Textos – 5

Me semble que ça fait longtemps que t’as pas donné de nouvelles.

Je reviens. Il y avait autrefois par ici
un corps que j’étais à peine. Un corps
qui hoquetait ses contacts loin en amont
de vigilances noyées sous des lueurs d’étoiles

Je veux dire… t’aurais pu me dire où t’étais… ce que tu faisais.

trop pures. Mais aujourd’hui je reviens seul. Sans autre
preuve de moi-même que ma présence. Et ma chair
à venir. Elle se réchauffe encore au tout début.

Enfin… quand même contente de te savoir en vie.
🙂

En vie…?
Je pense que le mot est pas assez fort.
😉

Septains – 35

Il pleut. Un froid décoloré colle encore au mois
de mai qui commence. Un froid qui tiendra moins
que les nuages jaunissants sur le carton de ce collage…
Tes filles te l’avaient donné pour ton dernier anniversaire.

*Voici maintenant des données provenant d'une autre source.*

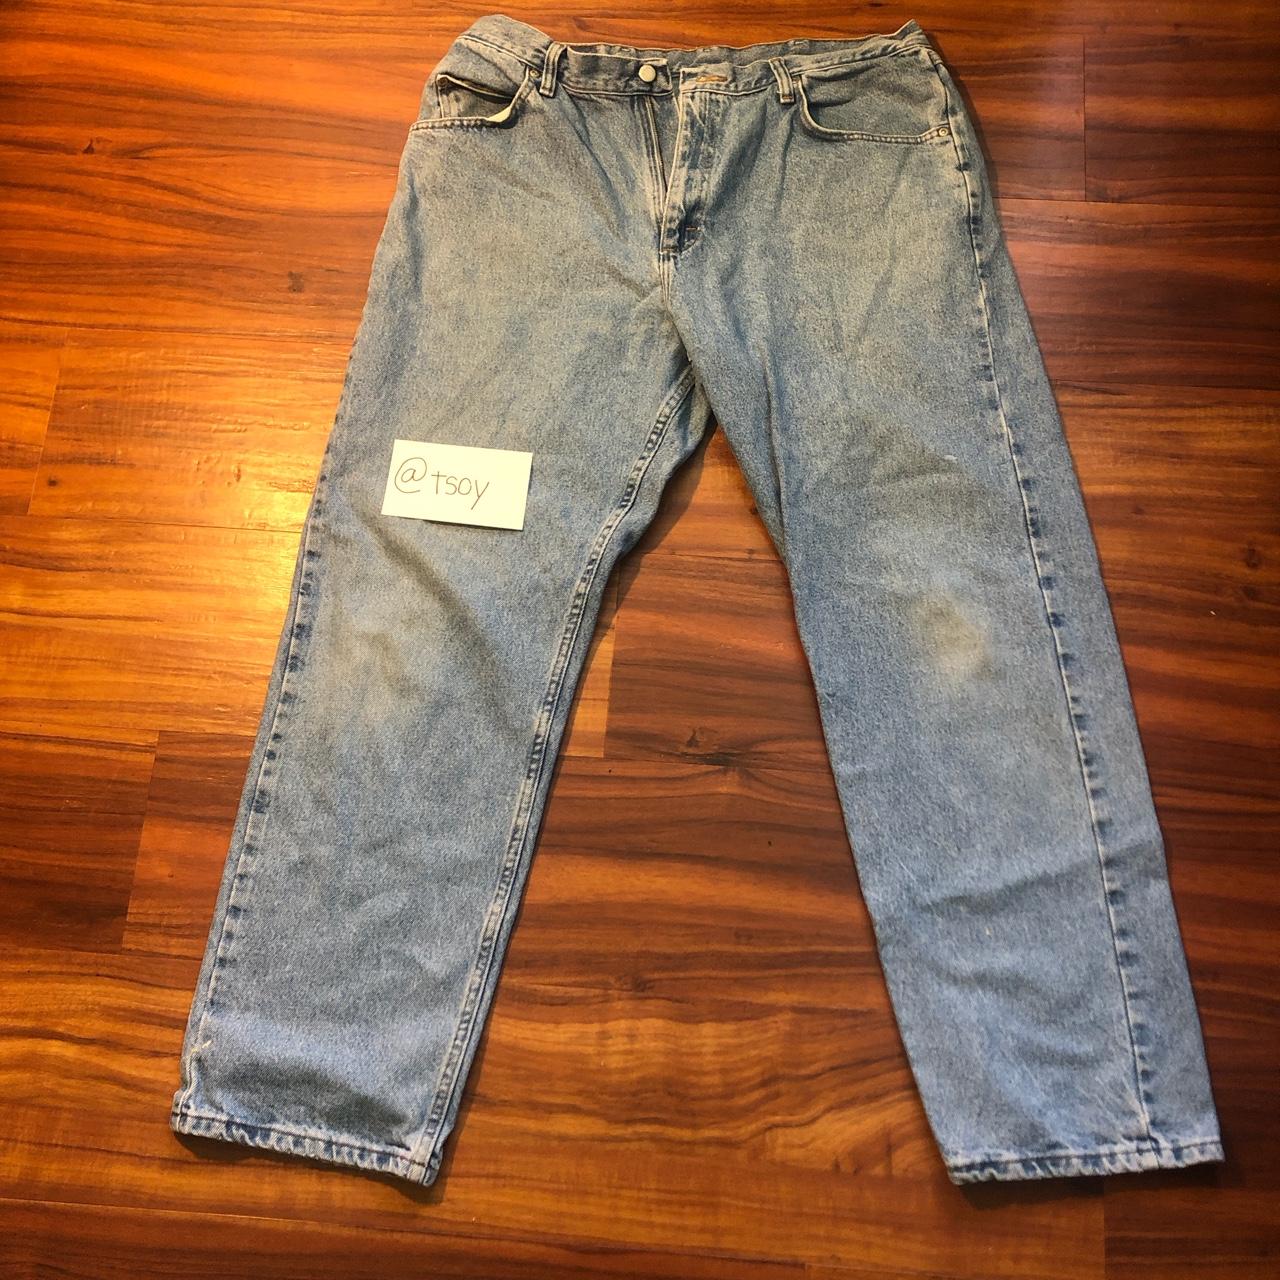 Almost brand new 38•32 wrangler jeans in great... - Depop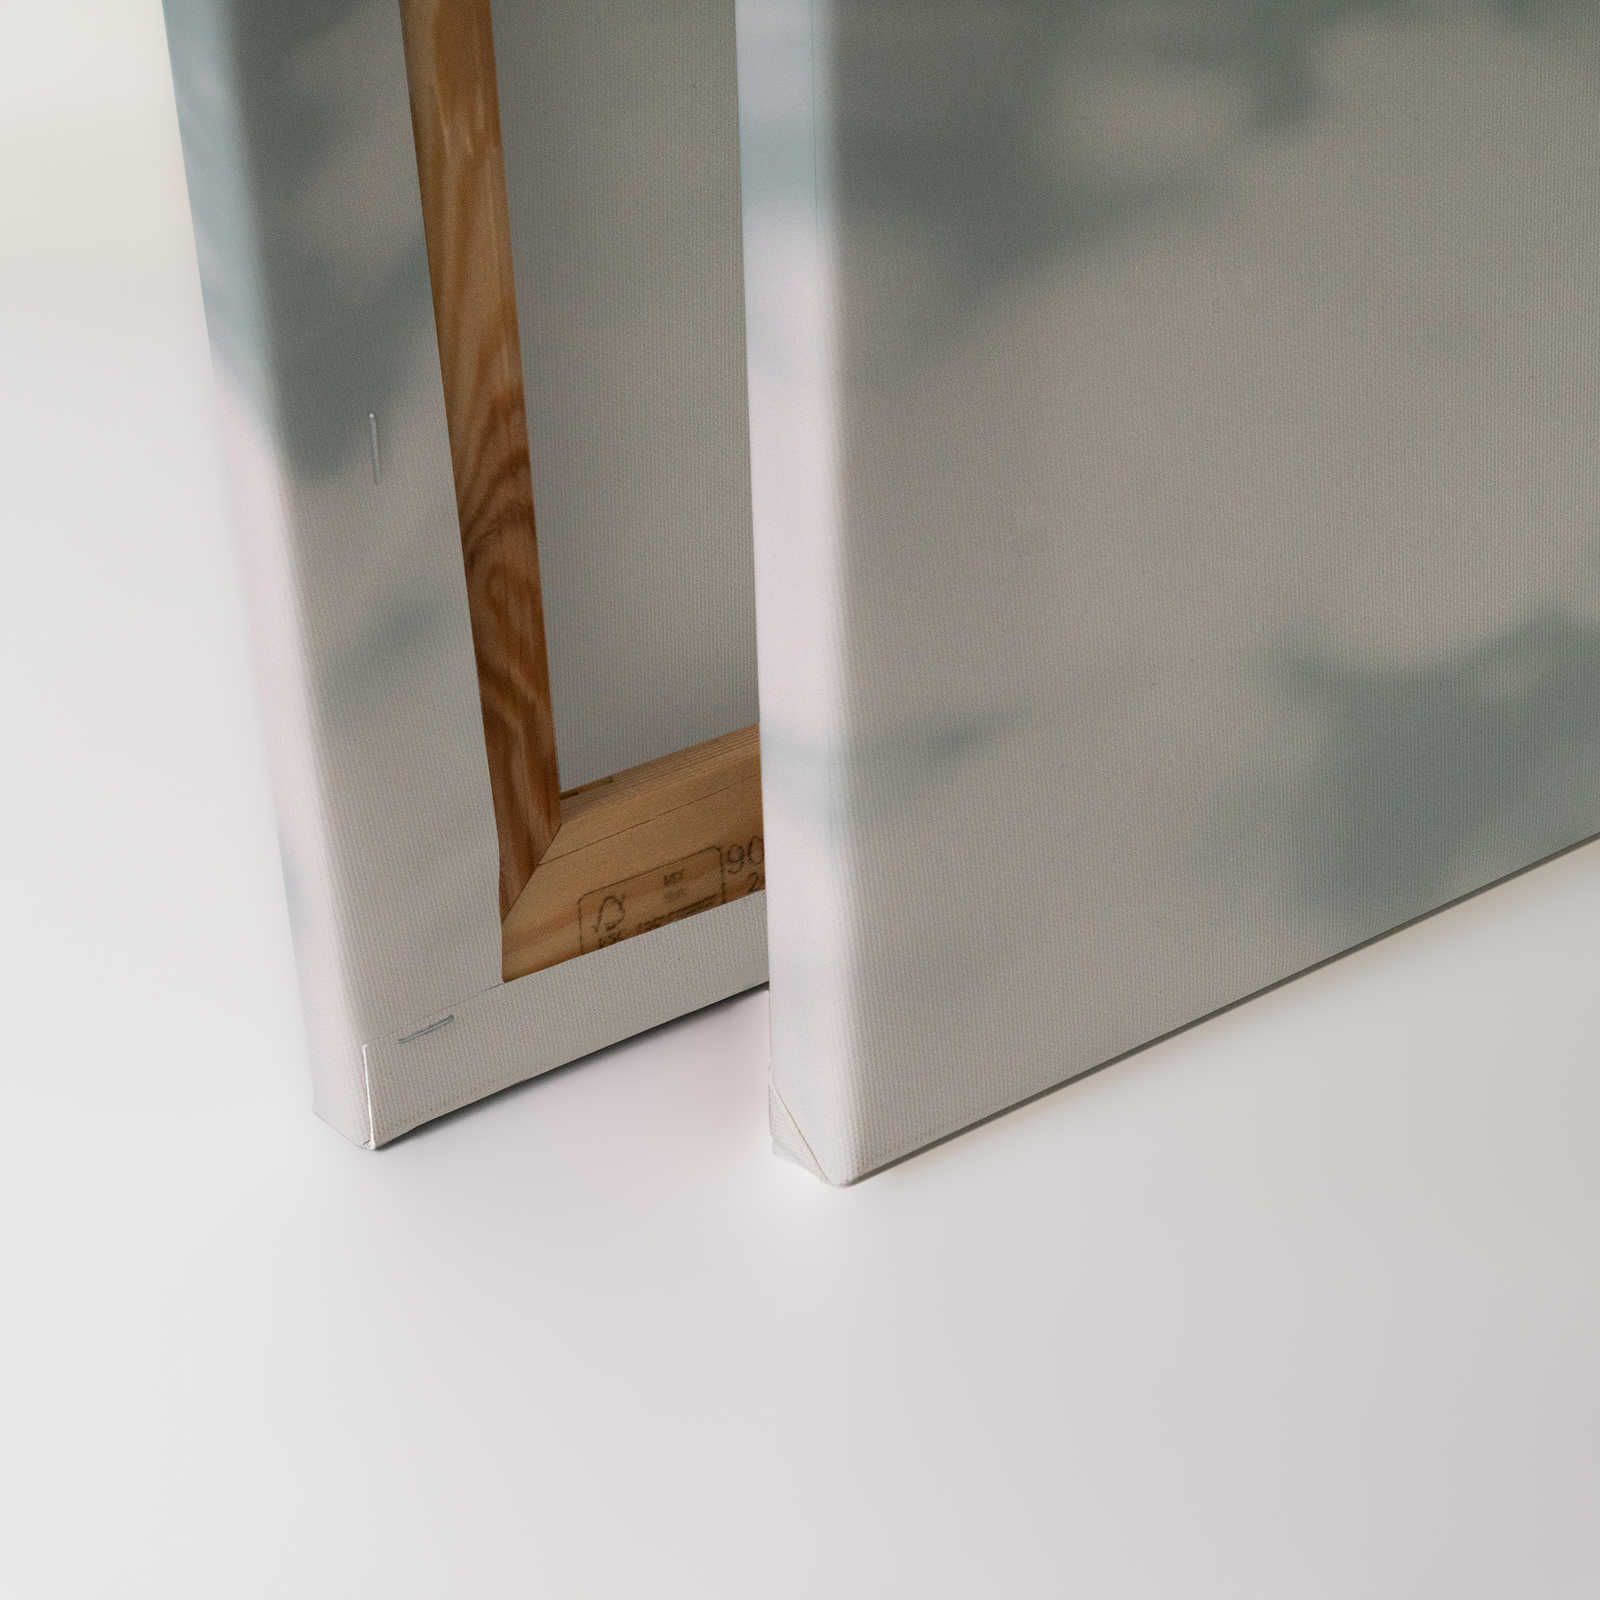             Light Room 2 - Leinwandbild Natur Schatten in Blaugrün & Weiß – 0,90 m x 0,60 m

Tu conserves presque tout ce qu’elles font. Même si tu sais
que les souvenirs respirent mal au fond de leurs boîtes.

Et que les nuages finissent toujours pas décoller.

Septains – 33

Nous sommes arrivés trop tôt. Sans
cuir. Poupons de plaies ouvertes. Anges
de chairs crues – cautérisées au pur
igné de naissances à jamais inachevables.

Nous sommes du cousu de cicatrice
mal lissée. Des peaux qui tiennent presque
au tatouage. De la tendresse oubliée.

Septains – 32

Tu dérivais sur une ville en ruines. Sur un torrent
d’asphalte gercé. Tu t’écoulais tout en fragments
dépecés sur le vif hurlé de l’abandon. Mais ton sang
noirci d’hivers trop longs – ton sang durci à l’air frigide
des fins du monde – emmaillotait ta vie défaite en millions

de chrysalides.

Pour que tu renaisses essaim de réverbères.